**TASK DETAILS**
An exact reproduction of all the data is needed, with no images in it.

**GIVEN INFORMATION**

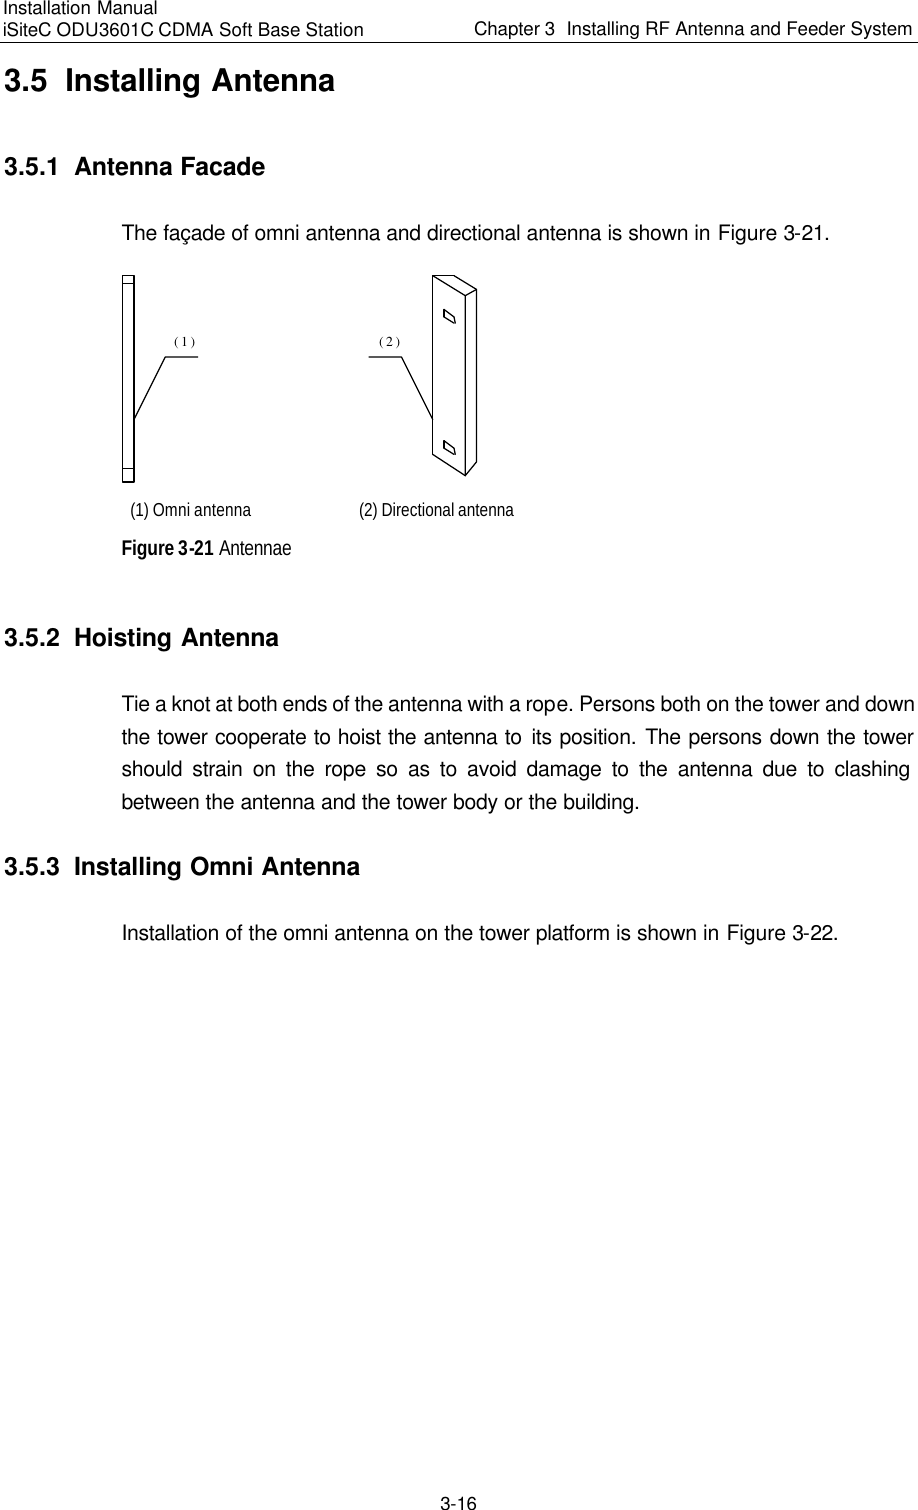 Installation Manual   iSiteC ODU3601C CDMA Soft Base Station Chapter 3  Installing RF Antenna and Feeder System  3-16 3.5  Installing Antenna 3.5.1  Antenna Facade The façade of omni antenna and directional antenna is shown in Figure 3-21. (1)(2) (1) Omni antenna (2) Directional antenna Figure 3-21 Antennae 3.5.2  Hoisting Antenna Tie a knot at both ends of the antenna with a rope. Persons both on the tower and down the tower cooperate to hoist the antenna to its position. The persons down the tower should strain on the rope so as to avoid damage to the antenna due to clashing between the antenna and the tower body or the building. 3.5.3  Installing Omni Antenna Installation of the omni antenna on the tower platform is shown in Figure 3-22. 
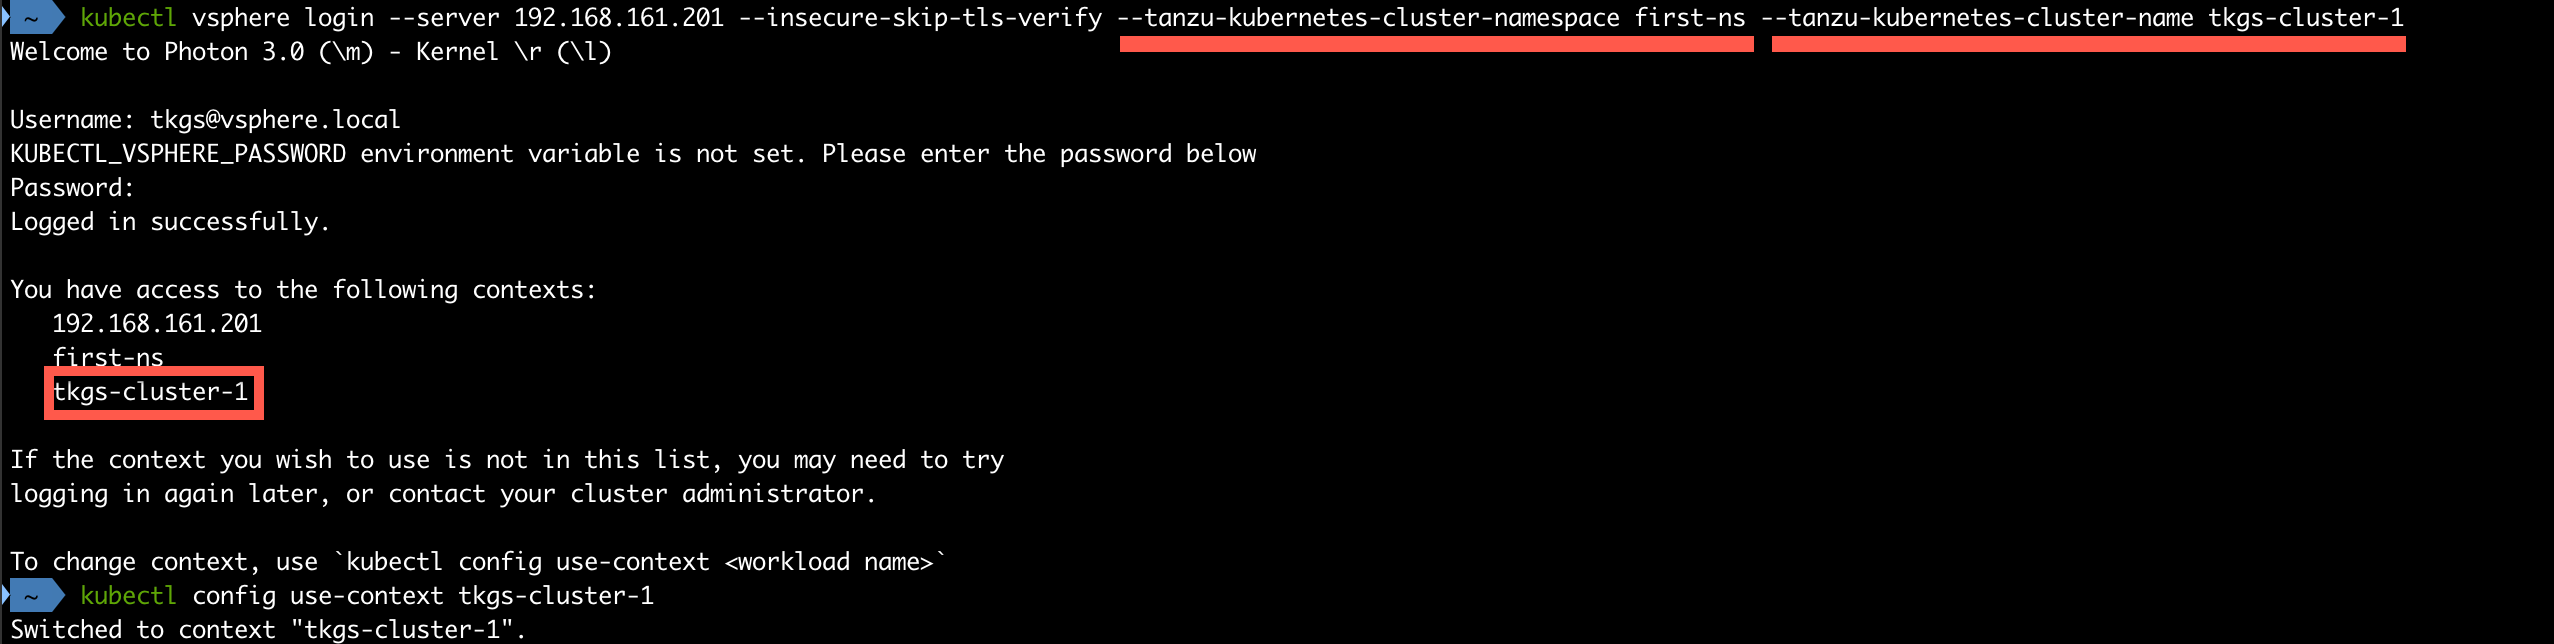 Logged in to the new Tanzu Kubernetes Cluster
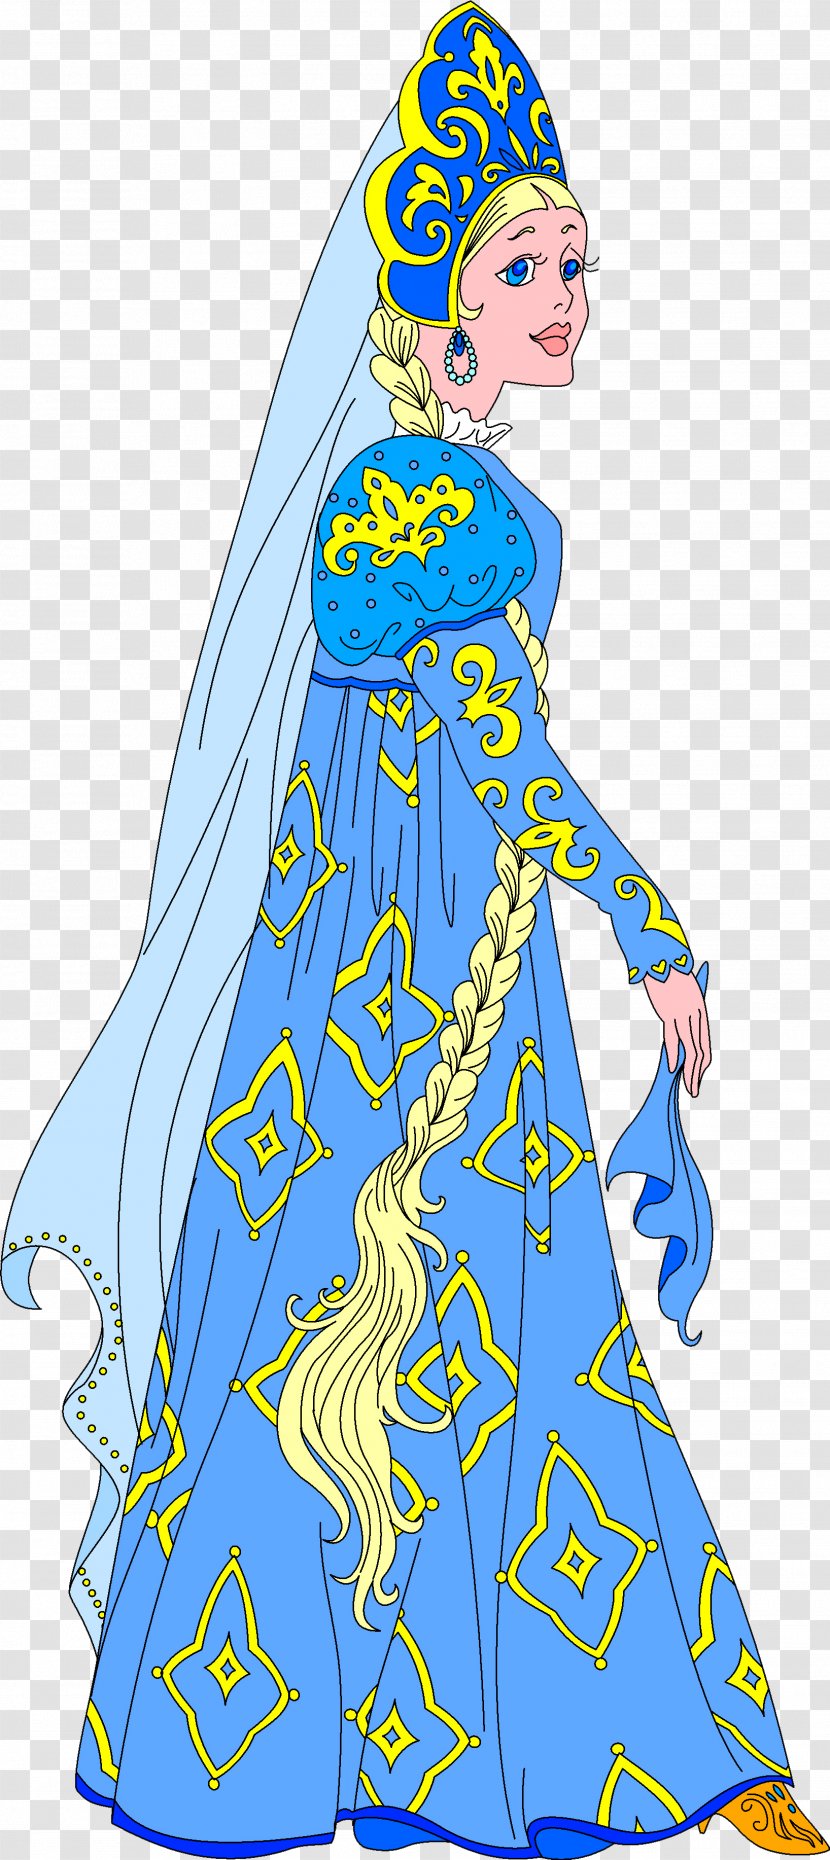 Fairy Tale Hero The Of Dead Princess And Seven Knights Adventures Dunno His Friends Author - Fictional Character Transparent PNG

**EXERCISE ANSWER**
 Installation Manual   iSiteC ODU3601C CDMA Soft Base Station Chapter 3  Installing RF Antenna and Feeder System  3-16 3.5  Installing Antenna 3.5.1  Antenna Facade The façade of omni antenna and directional antenna is shown in Figure 3-21. (1)(2) (1) Omni antenna (2) Directional antenna Figure 3-21 Antennae 3.5.2  Hoisting Antenna Tie a knot at both ends of the antenna with a rope. Persons both on the tower and down the tower cooperate to hoist the antenna to its position. The persons down the tower should strain on the rope so as to avoid damage to the antenna due to clashing between the antenna and the tower body or the building. 3.5.3  Installing Omni Antenna Installation of the omni antenna on the tower platform is shown in Figure 3-22. 
 Logged in to the new Tanzu Kubernetes Cluster
 Fairy Tale Hero The Of Dead Princess And Seven Knights Adventures Dunno His Friends Author - Fictional Character Transparent PNG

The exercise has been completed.